Listen to the tracks that best give an idea of this new internal grammar: "Arise Above Oppression", techno-metal rhythm in death version, with guttural or distorted voices, giving the impression of a quasi-"expressionistic" vision of rock or metal; meaning music in which the theatricalization of suffering, the view of the horror of the contemporary world (but not only), and the sense of existential shock it provokes give shape to distorted and deformed portraits of people, interior/exterior landscapes now focused on more important details of the whole, now on large open spaces ("Suffer Age", "Lifeblind") of the historical scenario where an elusive detail ("a flower in the trash") can have the meaning of a saving hope, or even more, shed a poetic light on a scene of tormented and unspeakable suffering. But it is in the sequence "Natividad" (dedicated to the Latin American origins of the frontman's mother) and "Big God/Raped Souls" that Fear Factory possibly reach the peak of the entire album: a deafening noise in the first serves as an intro for the second, an invocation with an ultra-distorted voice that screams "so I am viciously raped, so I am in burning violence... in America: this is America, this is America, and I love America..." repeated in an obsessive and paroxysmal way, actually seems (even if perhaps unintentionally) to reconnect to expressionist poetry. What follows belongs to the Encyclopedia of Rock of all eras: suspended percussion followed by their own echo, repeated two-three times, guitar explosion in a memorable riff by the musical standards of death metal (Sepultura-Death-Entombed: the triad of the genre's top exponents), the traditional guttural "singing", which however (uniquely) alternates with ethereal, almost female voices.

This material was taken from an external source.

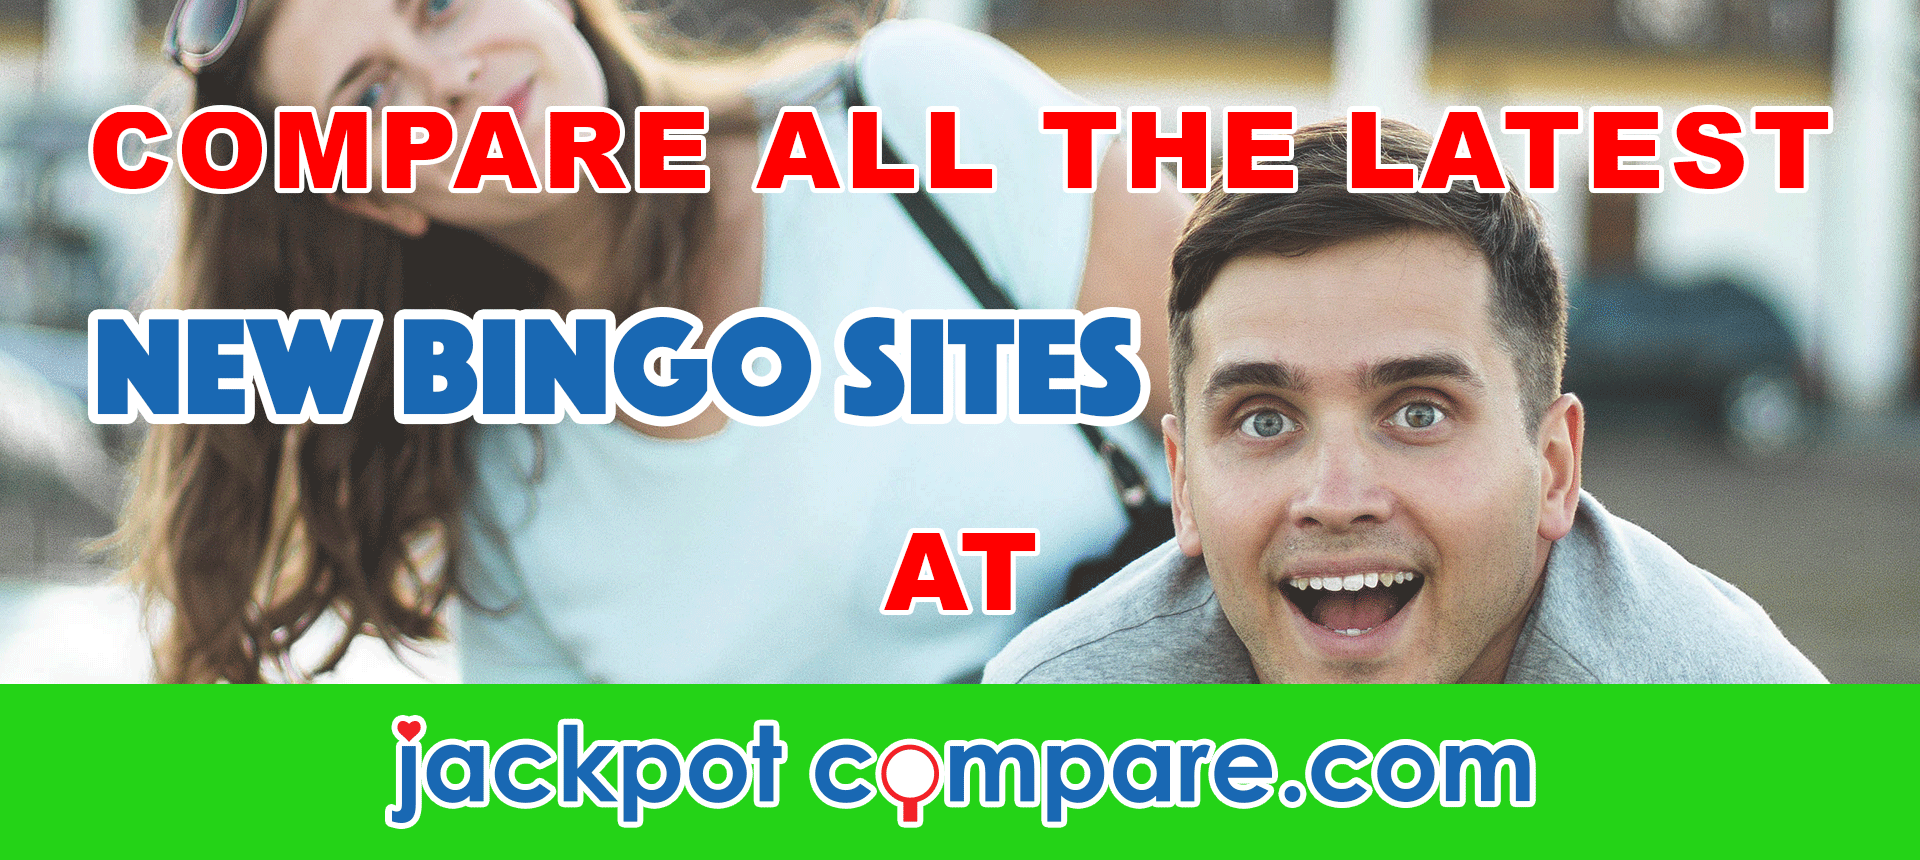 new bingo sites -Codes For The Latest Bingo Bonuses 2019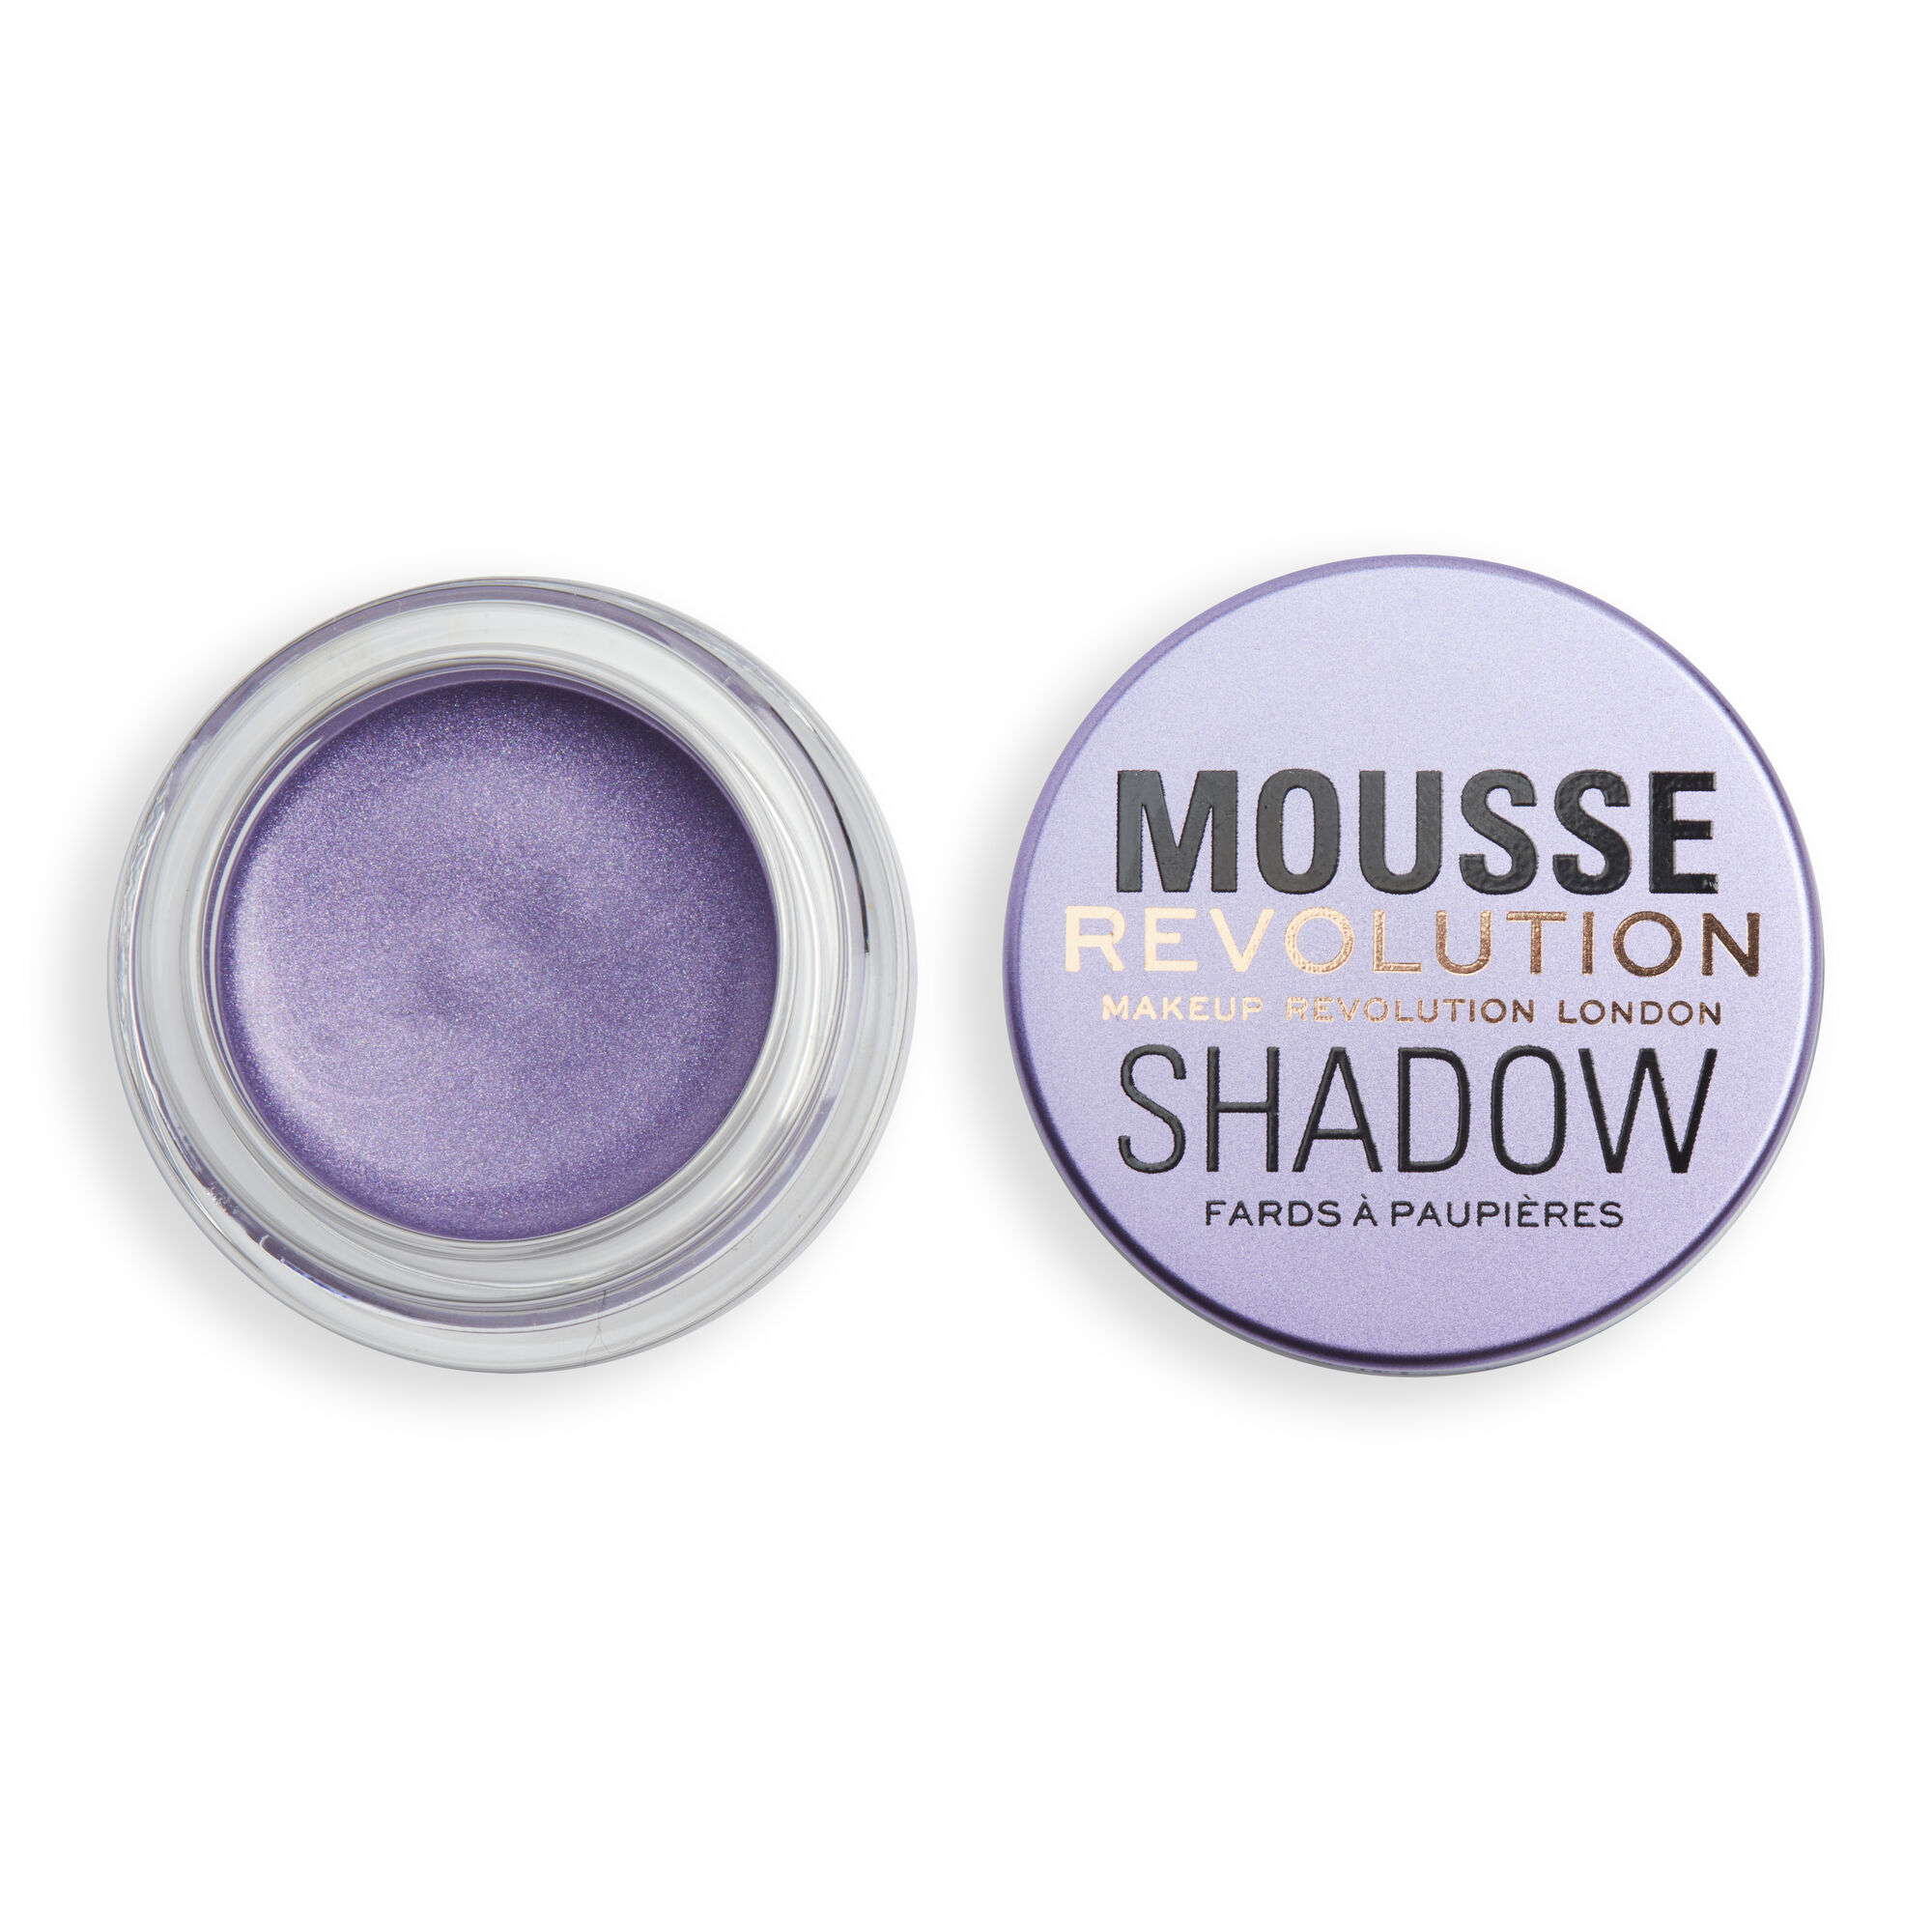 Тени Revolution Makeup кремовые для век Mousse Cream Eyeshadow, Lilac песочная фреска мечтательный лисёнок

An idea (I feel like saying) ingenious, which makes what was thought to be an already perfect album for its genre sound like something that, incredibly, goes much, much further: the staging of the "Ballardian crash" man-machine, is actually the pretext to introduce the main idea of the album, the encounter with an increasingly mechanized world, the dehumanization and the consequent sense of alienating estrangement find in these "obsessive, trying obsessively to free themselves from the reality they narrate" music one of the deepest layers of the meaning of the contemporary age.
The only response seems to be what the album title suggests (better to call it a "work" as it is an authentic concept of the social macrocosm zoomed onto the microcosm of internal reality): the search for spirituality (soul) within this enormous, imposing, and alienating "machine". Unfortunately, it is a title that also seems to allude to the sad awareness of the unattainable utopia it contains, but the meaning of the "Resurrection of the Oppressed" with a clear mystical-religious undertone, is precisely, in my (very limited) opinion, that of hope even inside and beyond despair.
Burton Bell has a voice that on this first album ranges from a wickedly vicious growl to a very particular clean voice, almost like an android capable of experiencing emotions!
I’ve never heard a drummer use the double pedal in such a clean and surgical way, almost as if it were a second drum set!